From mboxrd@z Thu Jan  1 00:00:00 1970
Received: (from majordomo@localhost) by pauillac.inria.fr (8.7.6/8.7.3) id XAA25653; Sun, 18 Aug 2002 23:37:44 +0200 (MET DST)
Received: from nez-perce.inria.fr (nez-perce.inria.fr [192.93.2.78]) by pauillac.inria.fr (8.7.6/8.7.3) with ESMTP id XAA25676 for <caml-list@pauillac.inria.fr>; Sun, 18 Aug 2002 23:37:43 +0200 (MET DST)
Received: from praseodumium.btinternet.com (praseodumium.btinternet.com [194.73.73.82])
	by nez-perce.inria.fr (8.11.1/8.11.1) with ESMTP id g7ILYOj20634
	for <caml-list@inria.fr>; Sun, 18 Aug 2002 23:34:59 +0200 (MET DST)
Received: from host217-39-105-36.in-addr.btopenworld.com ([217.39.105.36] helo=beertje.william.bogus)
	by praseodumium.btinternet.com with esmtp (Exim 3.22 #8)
	id 17gXgV-0005uf-00; Sun, 18 Aug 2002 22:34:08 +0100
Received: (from williamc@localhost)
	by beertje.william.bogus (8.11.6/8.11.6/SuSE Linux 0.5) id g7ILbSu01884;
	Sun, 18 Aug 2002 22:37:28 +0100
X-Authentication-Warning: beertje.william.bogus: williamc set sender to williamc@paneris.org using -f
From: William Chesters <williamc@paneris.org>
MIME-Version: 1.0
Content-Type: text/plain; charset=us-ascii
Content-Transfer-Encoding: 7bit
Message-ID: <15712.5015.83450.380242@beertje.william.bogus>
Date: Sun, 18 Aug 2002 22:37:27 +0100
To: caml-list@inria.fr
Subject: Re: [Caml-list] O'Caml vs C++: a little benchmark
In-Reply-To: <200208181906.PAA00297@hickory.cc.columbia.edu>
References: <200208181716.NAA10426@hickory.cc.columbia.edu>
	<15711.57520.125841.25102@beertje.william.bogus>
	<200208181906.PAA00297@hickory.cc.columbia.edu>
X-Mailer: VM 6.95 under 21.4 (patch 4) "Artificial Intelligence" XEmacs Lucid
Sender: owner-caml-list@pauillac.inria.fr
Precedence: bulk

Oleg writes:
 > > You would see this clearly in the assembler output
 > > if you used ocamlopt -S.
 > 
 > Is there a tutorial for reading those *.s files ocamlopt produces?
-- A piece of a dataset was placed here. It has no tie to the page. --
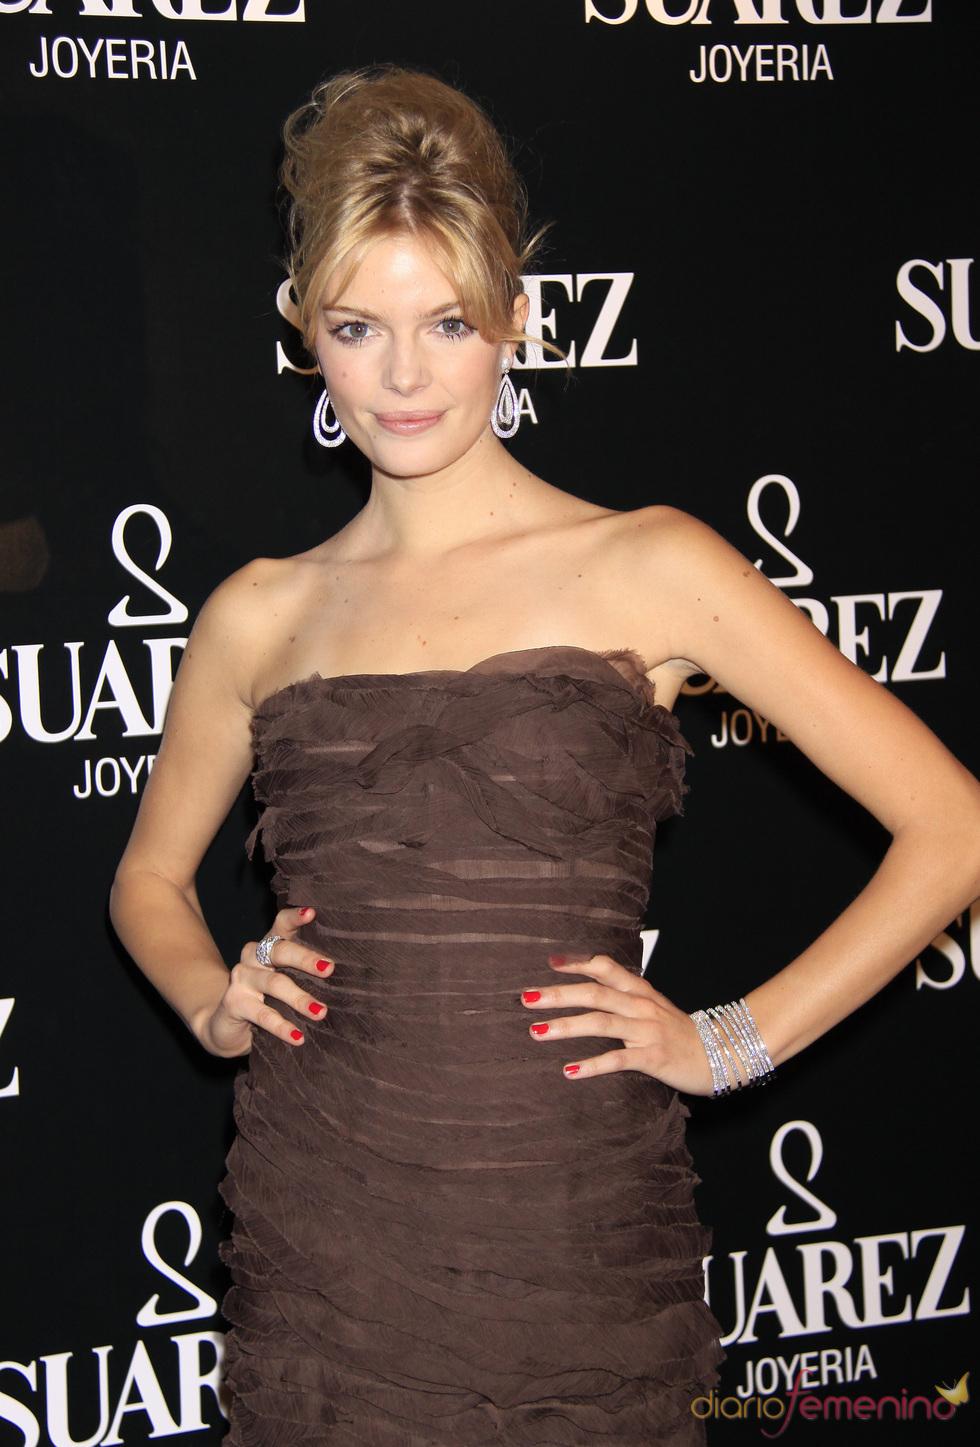 La modelo española Cristina Tosío

Um.  "*.s files" are a human-readable representation of the basic
machine codes on which the CPU in your computer actually operates.
This so-called "assembler language" is standardised by the CPU
manufacturer.  For instance, if you are using Linux the CPU is
probably a Pentium and you can read about the assembler language at

    http://www.intel.com/design/intarch/techinfo/pentium/instsum.htm

or try

    http://www.google.com/search?q=%22intel+assembler

The advantage of looking at these files is that they tell
unambiguously what the CPU will be doing when it executes your
program, in a way which is comparable across languages.  If you are
interested in performance, programming idioms, and compilers, you
should definitely learn about these things.  (With modern CPUs it's no
longer so easy to relate the assembler code directly to performance
but it's still a fair guide to what the compiler is doing.)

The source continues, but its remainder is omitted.